Какие отклики находит все это в подлинно народной печати, можно судить по следующей выдержке из чартистского органа «People's Paper»[89]:

«Бонапарт заманил Англию в Крым… Наша армия, попавшая в ловушку, была поставлена им в такое положение, что она подорвала силу русской армии раньше, чем эта армия пришла в соприкосновение с его собственной армией. На Альме, под Балаклавой, под Инкерманом, под Севастополем англичане оказались на самых опасных позициях. Они вынуждены были принять на себя главный удар и понести наибольшие потери. Если сравнивать с Францией, то, согласно договору, Англия должна была выставить лишь одну треть армии.
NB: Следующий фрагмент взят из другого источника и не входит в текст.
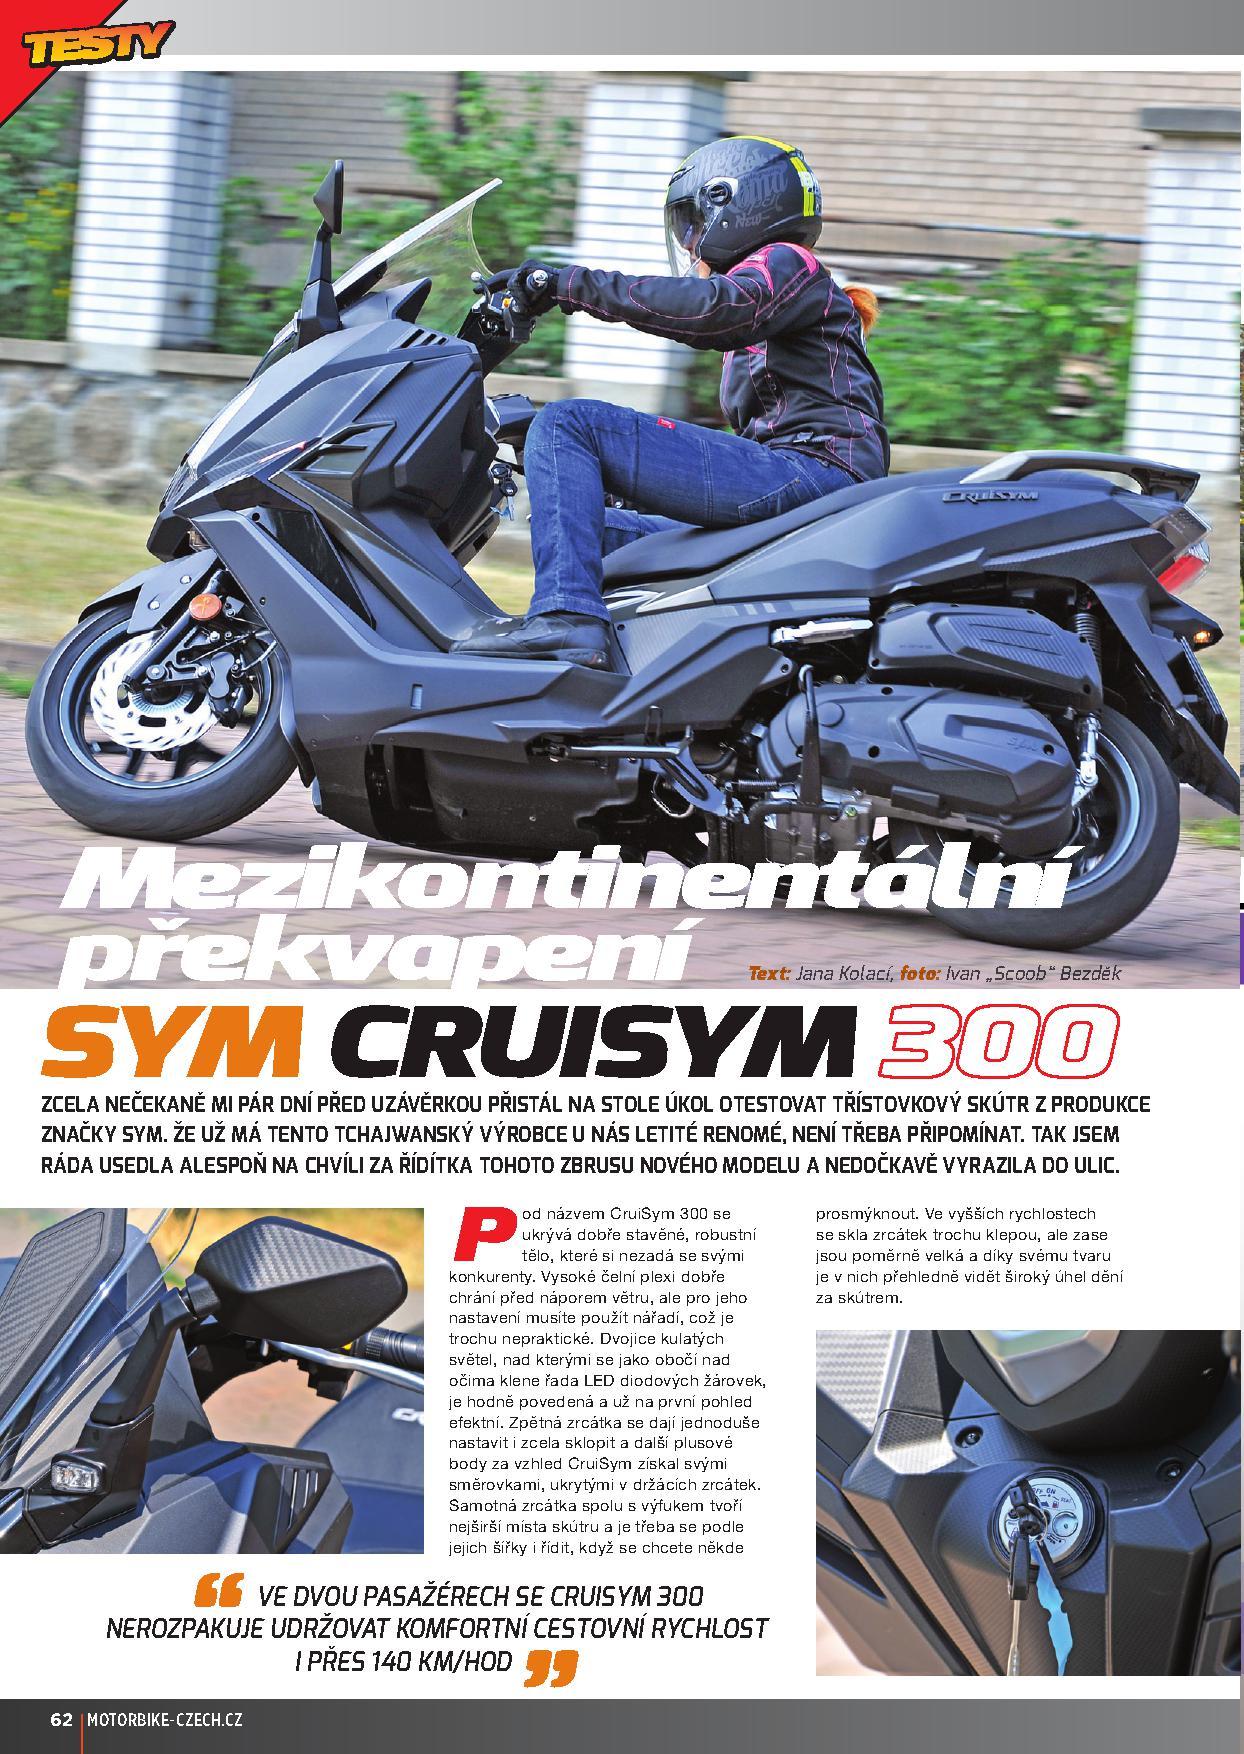 Novinka Cruisym otestována – MotorSYM Motor – Skútry, motorky, čtyřkolky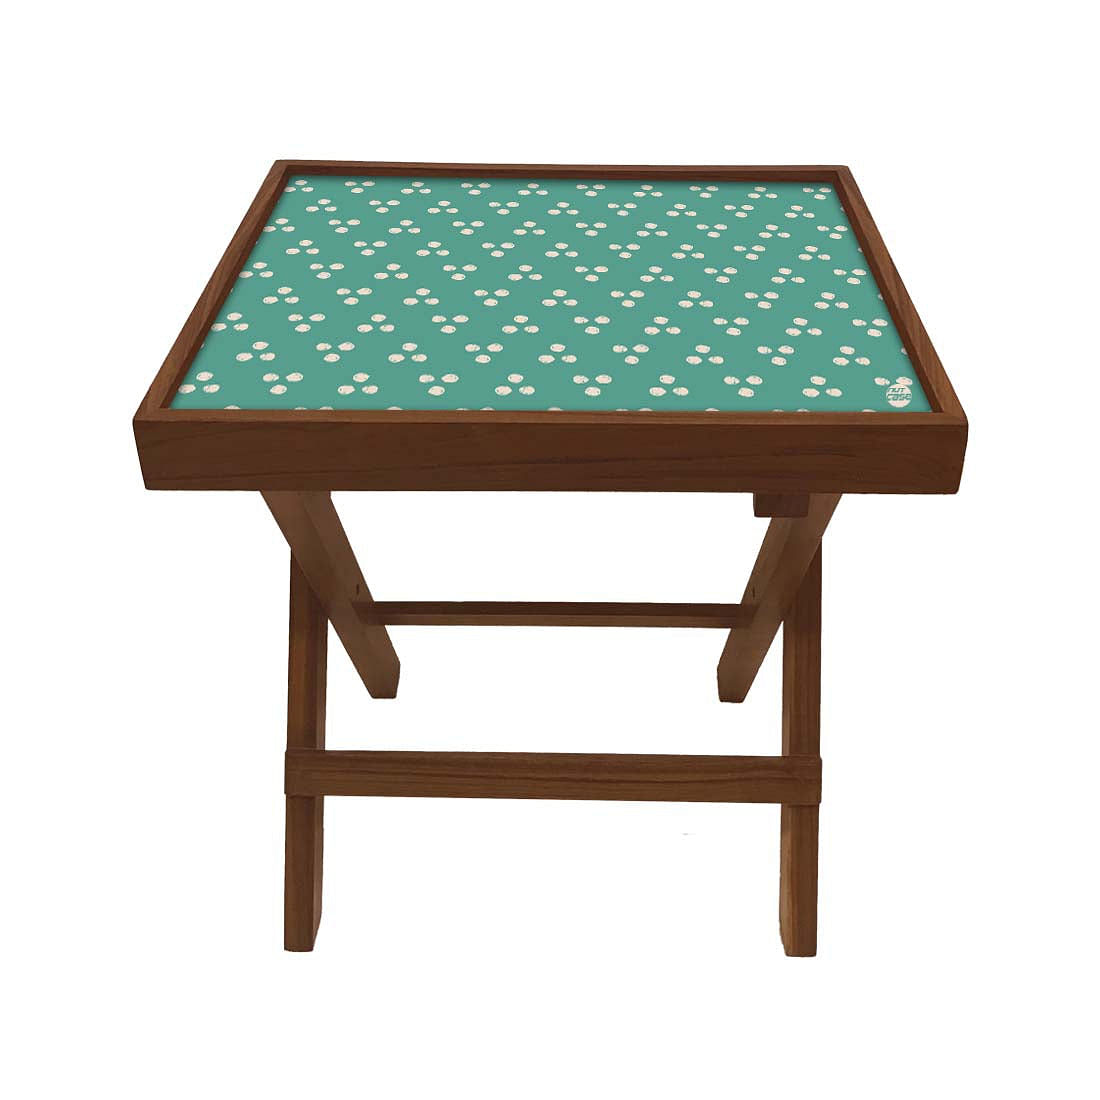 Folding Side Table - Teak Wood -Teal Triangle Nutcase

Этой трети пришлось вынести на себе основную тяжесть почти всех сражений. Эта же треть должна была удерживать больше половины позиций под Севастополем. Наша армия была уничтожена, потому что она не могла подвезти продовольствие и обмундирование, которые гнили в Балаклаве; не могла потому, что между Балаклавой и Севастополем не было дороги, а не было этой дороги потому, что Наполеон настоял на том, чтобы англичане, располагая менее чем одной третью всех войск, выполняли больше половины окопных работ; это не давало им возможности выделить необходимое количество людей для строительства дорог… В этом заключается секрет, на который намекали Грехем, Герберт и Гладстон… Таким образом, Наполеон умышленно погубил 44000 наших солдат» и т. д.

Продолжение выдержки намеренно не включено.